By leveraging the NTC-SCV dataset, we can develop and evaluate sentiment analysis models tailored to the Vietnamese language, contributing to advancements in NLP for underrepresented languages and providing practical tools for various real-world applications.

## **III. Project Framework**

In this project, we will train a sentiment text classification model using both Naive Bayes and Neural Network approaches. Here are the general steps of the project:

1. **Data Acquisition and Loading**: Initially, we will clone the dataset directly from a GitHub source, unzip it, and load it into our notebook.

2. **Text Data Preprocessing**: We will clean and prepare the text data for modeling by removing special characters, stop words, and other irrelevant data. Additionally, we will normalize the text by lowercasing, correcting typos, and converting abbreviations.

3. **Vector Representation**: After preprocessing, the text data will be converted into a numerical format that machine learning algorithms can process. We will achieve this by transforming the text into vectors using word embeddings.

4. **Building the Classification Models**: With the text data in a usable format, we will construct two models for classification: a Naive Bayes classifier and a Neural Network model.

5. **Model Training**: During this phase, the models learn to associate the input text vectors with the correct labels. This is achieved by adjusting the network weights based on a loss function. We will also set aside a portion of the dataset for validation to monitor for overfitting and fine-tune the model parameters.

6. **Prediction and Model Evaluation**: Finally, we will use the trained models to predict the labels of new, unseen text data. The models' performance will be evaluated using metrics such as accuracy, precision, recall, and F1-score to determine their generalization capabilities on new data.
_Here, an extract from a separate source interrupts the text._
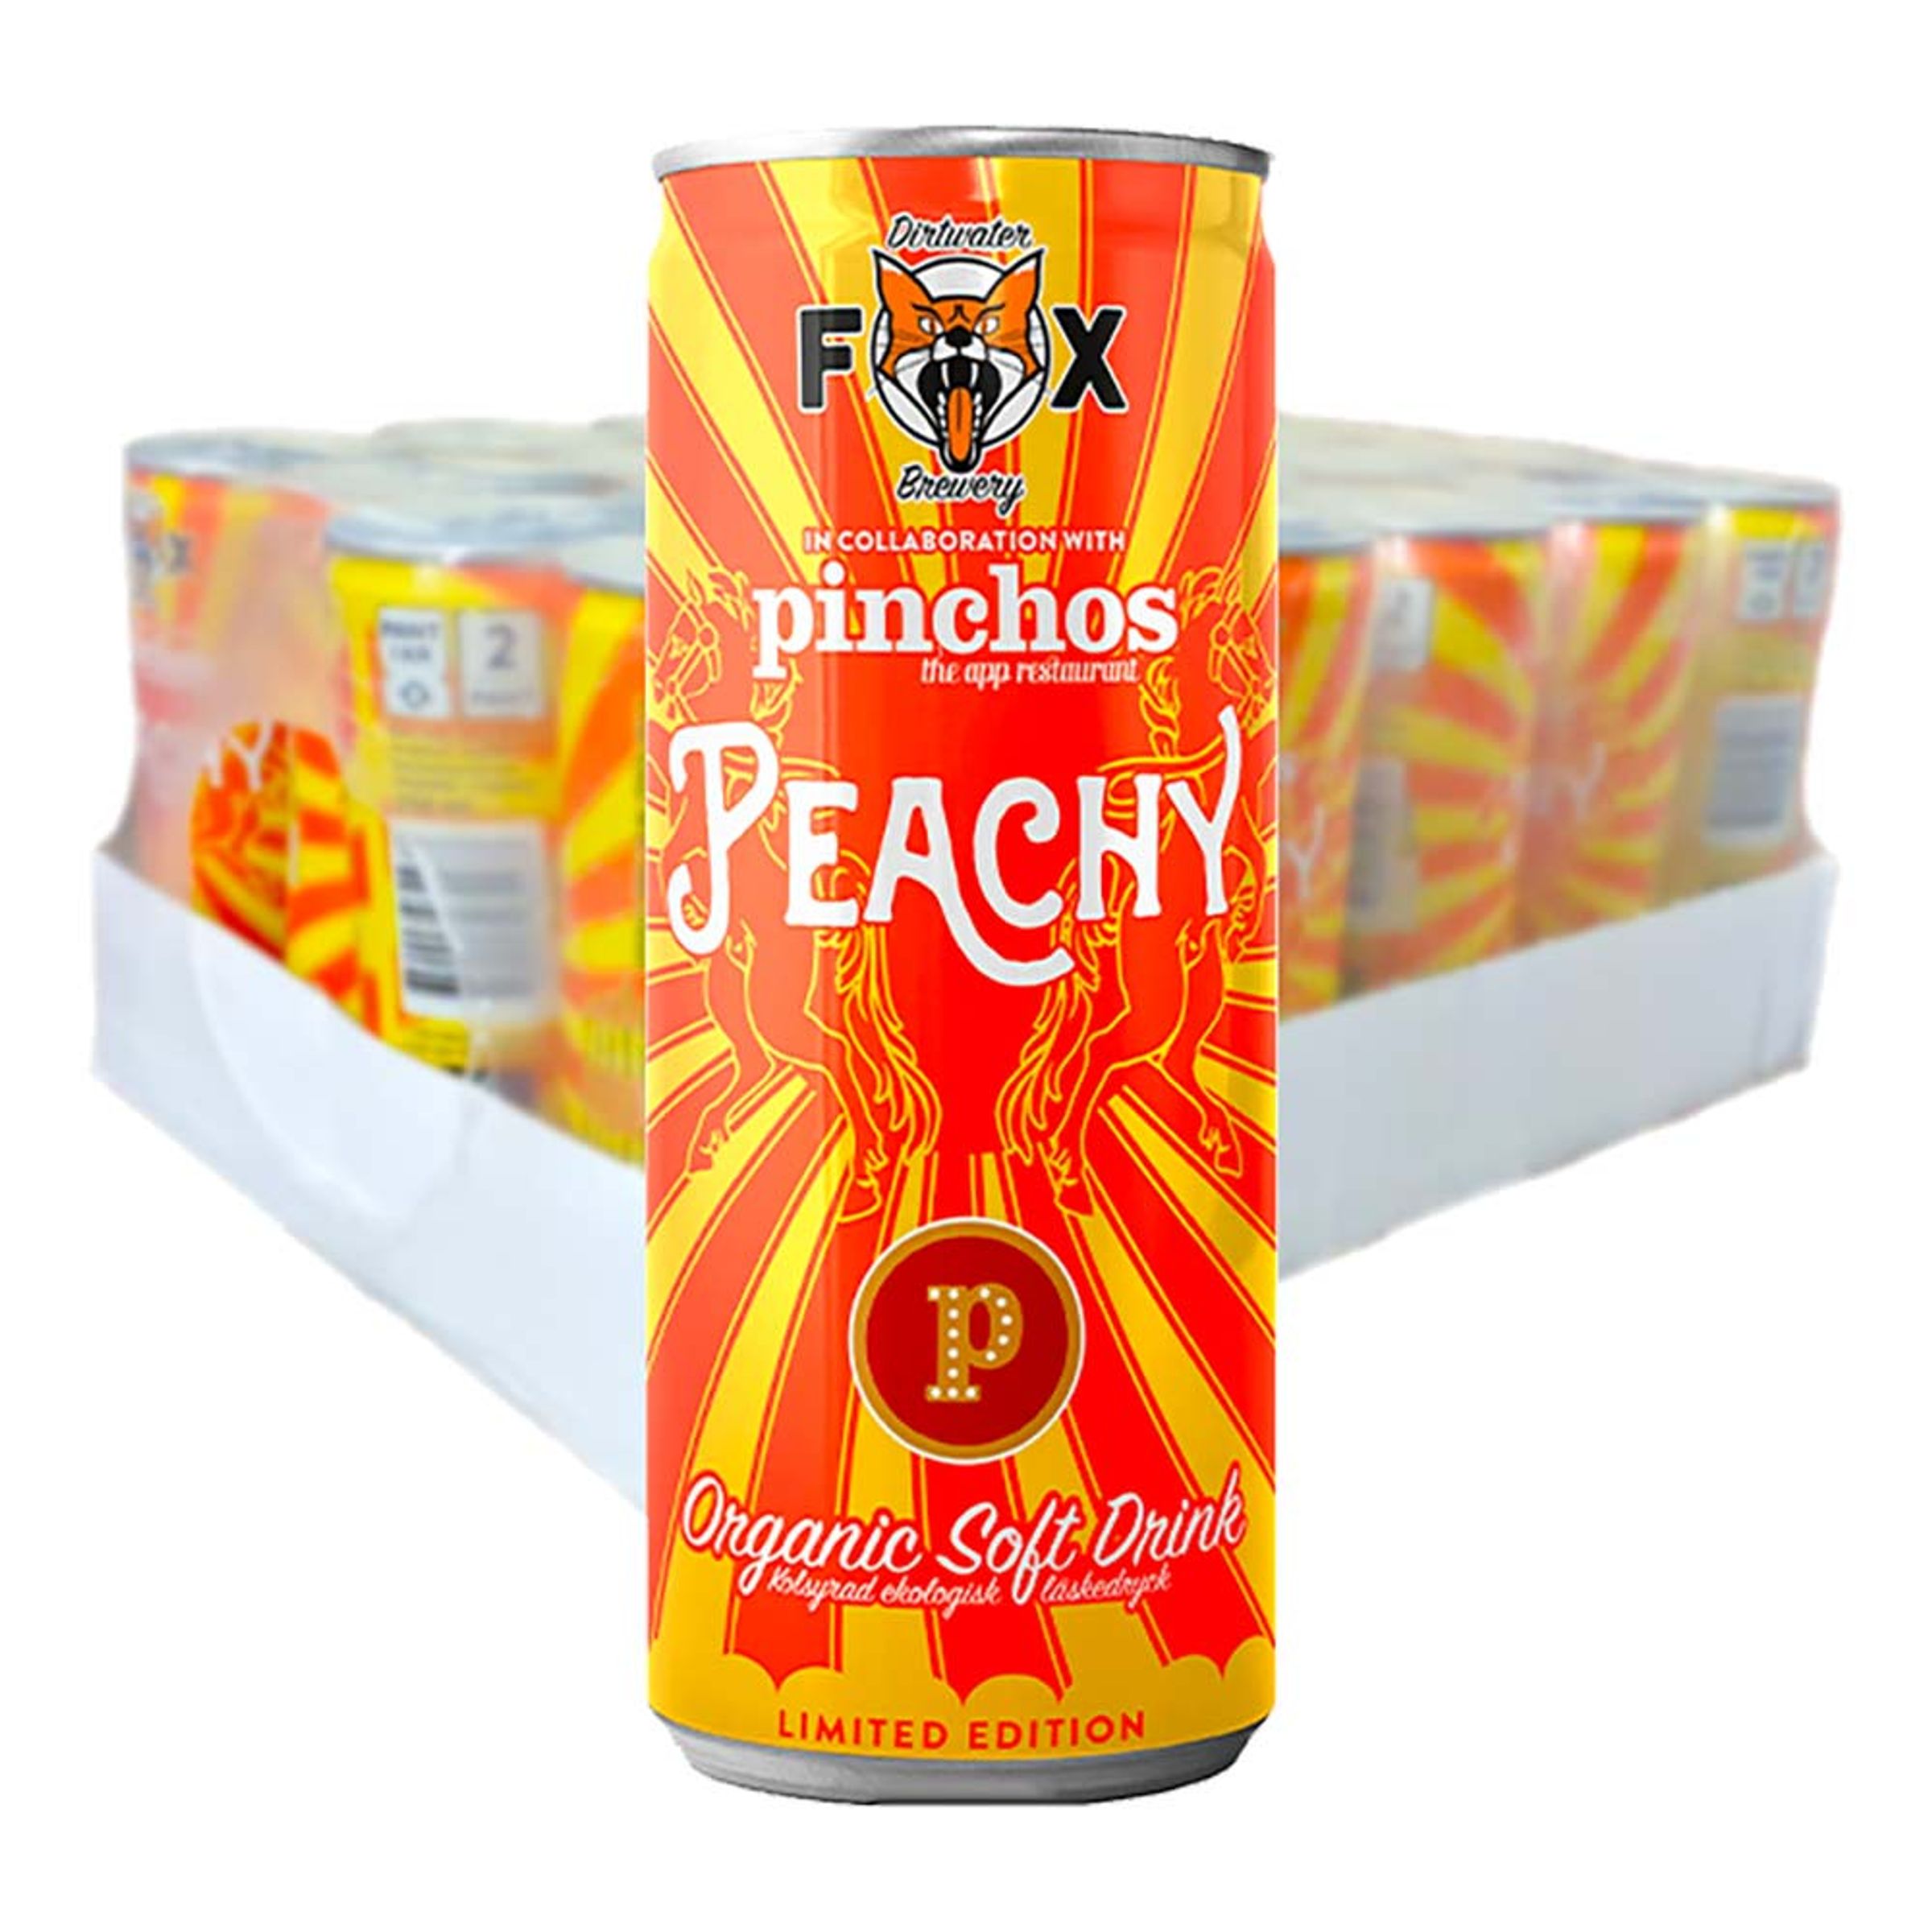 Fox Pinchos Peachy - 24-pack

These steps outline the essential framework for training a neural network to effectively classify text data, ensuring the models are both accurate and robust.

## **IV. Project Implementation**
### **1. Import Neccesary Libraries**
First, we will import all necessaries libraries for this project. For now, we will import basic libraries that usually use in Machine Learning. As we go through the project, we will import more libraries if necessary.

In [1]:
# Import necessary for the projects
import os
import numpy as np
import pandas as pd
import seaborn as sns
import matplotlib.pyplot as plt

### **2. Data Cloning and Loading**
For our project, we will clone the original [GitHub](https://github.com/congnghia0609/ntc-scv) link accessed to the NTC-SCV dataset to our local environment and unzip those files as follows:

In [2]:
# Download the dataset from github
!git clone https://github.com/congnghia0609/ntc-scv
!unzip ./ntc-scv/data/data_test.zip -d ../data
!unzip ./ntc-scv/data/data_train.zip -d ../data
!rm -rf ./ntc-scv

Cloning into 'ntc-scv'...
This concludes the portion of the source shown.